On an afternoon in 1828, an African American woman named Sojourner Truth walked out of a New York courtroom with her head held high. She had just won a court case that would reunite her with her son. Like all children of slaves, Truth’s son was considered to be the property of the slave owner. But with the laws in the northern states rapidly changing, she was able to win freedom for five-year-old Peter. She was now the first African American woman to ever win a court case against a white man.

Sojourner Truth was born with the name Isabella Baumfree. She grew up as a slave on an estate in Esopus, New York. As a young girl, she was made to plow fields, plant crops, and spin wool. But in 1826, young “Bella” escaped to freedom with her daughter Sofia. She was forced to leave her other children behind.

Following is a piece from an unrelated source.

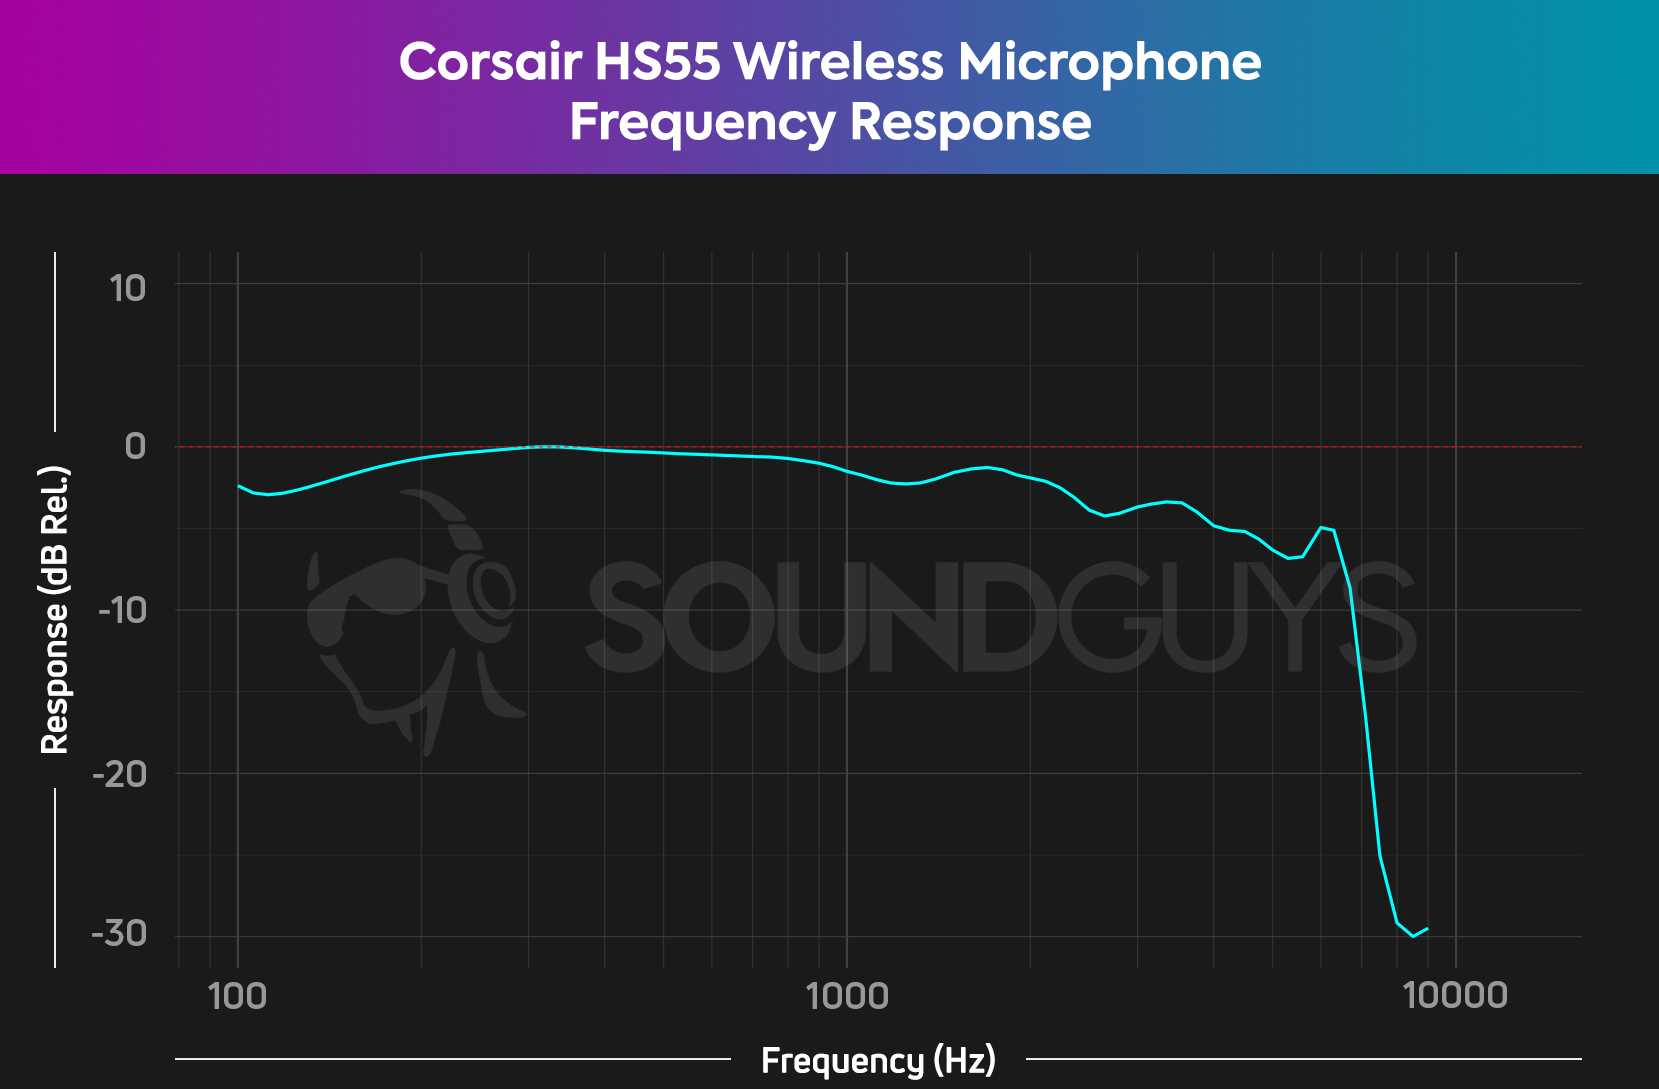 The Corsair HS55 Wireless microphone frequency response profile showing a fairly flat profile and a sharp drop in the high end.

The laws of the day said that slaves could not live freely in New York until they had reached the age of twenty.

In 1843, Isabella Baumfree changed her name to Sojourner Truth. She told others that she now understood the truth about her purpose in life. She was called to be a “sojourner”: a person who wandered from place to place, never staying anywhere for very long.

From then on, Sojourner Truth traveled far and wide, preaching about why slavery should be abolished. Just as she chose her own name, Truth chose her own destiny. For the rest of her long and amazing life, she would continue to fight tirelessly for what she knew to be true.